He further described “bias incidents” as “situations that may not rise to the level of a criminal act, but still clearly communicate offensive or derogatory behaviors.”
Observing that students on campus in general may have suffered a traumatic reaction from seeing an image of the Confederate flag, Huddleston continued, “We recognize that bias incidents are upsetting for the entire campus community, but especially for the target(s) and witness(es) of these incidents.”
“It is strongly suggested that anyone impacted by a bias incident find someone to speak with,” he wrote.
According to FSU campus newspaper The Gatepost, social-media displayed a mixed reaction to Huddleston’s email:
On the popular anonymous social media app Yik Yak, one student said the Confederate flag controversy was “legitimately embarrassing” and “someone is getting in trouble for such stupid bullshit.”
Another student disagreed and compared the Confederate flag to the swastika. Adding, “That’s the issue. In case you were somehow still confused in 2015.”
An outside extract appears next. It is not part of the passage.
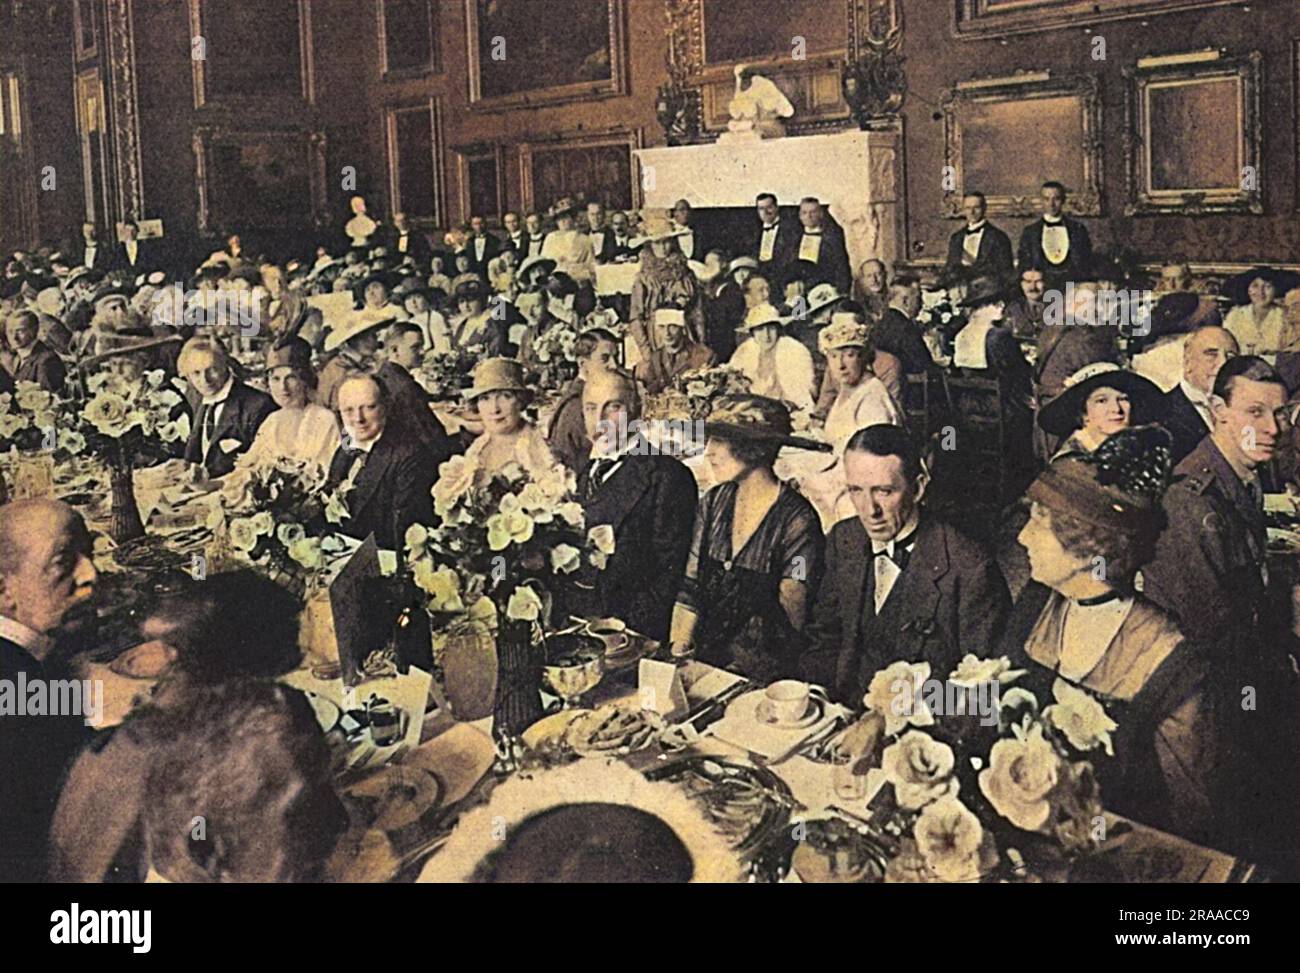 The Souvenir Luncheon at Grosvenor House in aid of the Three Arts War Fund, which was followed by a garden fete.  The Duke of Westminster lent his house for the occasion which was attended by Queen Alexandra and a great deal of society.  Photograph shows a view of one of the luncheon rooms and the table of Lady Paget.  Amongst the well-known people are Mr Winston Churchill, who is sitting alongside Lady Paget and Mrs (Hazel) Lavery and Mr Gerald de Maurier on the right of Mrs Astor.     Date: 1916 Stock Photo

One anonymous student posted, “Carry a copy of the constitution tomorrow, see how fast the PC police emails fly.”
One student related the bias incident involving the Confederate flag to the Star Wars films.
“So if I have a Rebel Alliance wallpaper, am I gonna get reported to the Empire?”
Huddleston said the university may hold a campus-wide forum on the history of the Confederate flag, so that students can discuss the reasons why they either defend or reject it.
In September, Framingham Patch reported that FSU – a public university – was once again recognized for its “diversity and inclusion” on campus. It received a Higher Education Excellence in Diversity (HEED) award, which is bestowed on colleges and universities by INSIGHT into Diversity, reportedly the oldest and largest diversity magazine and website in higher education.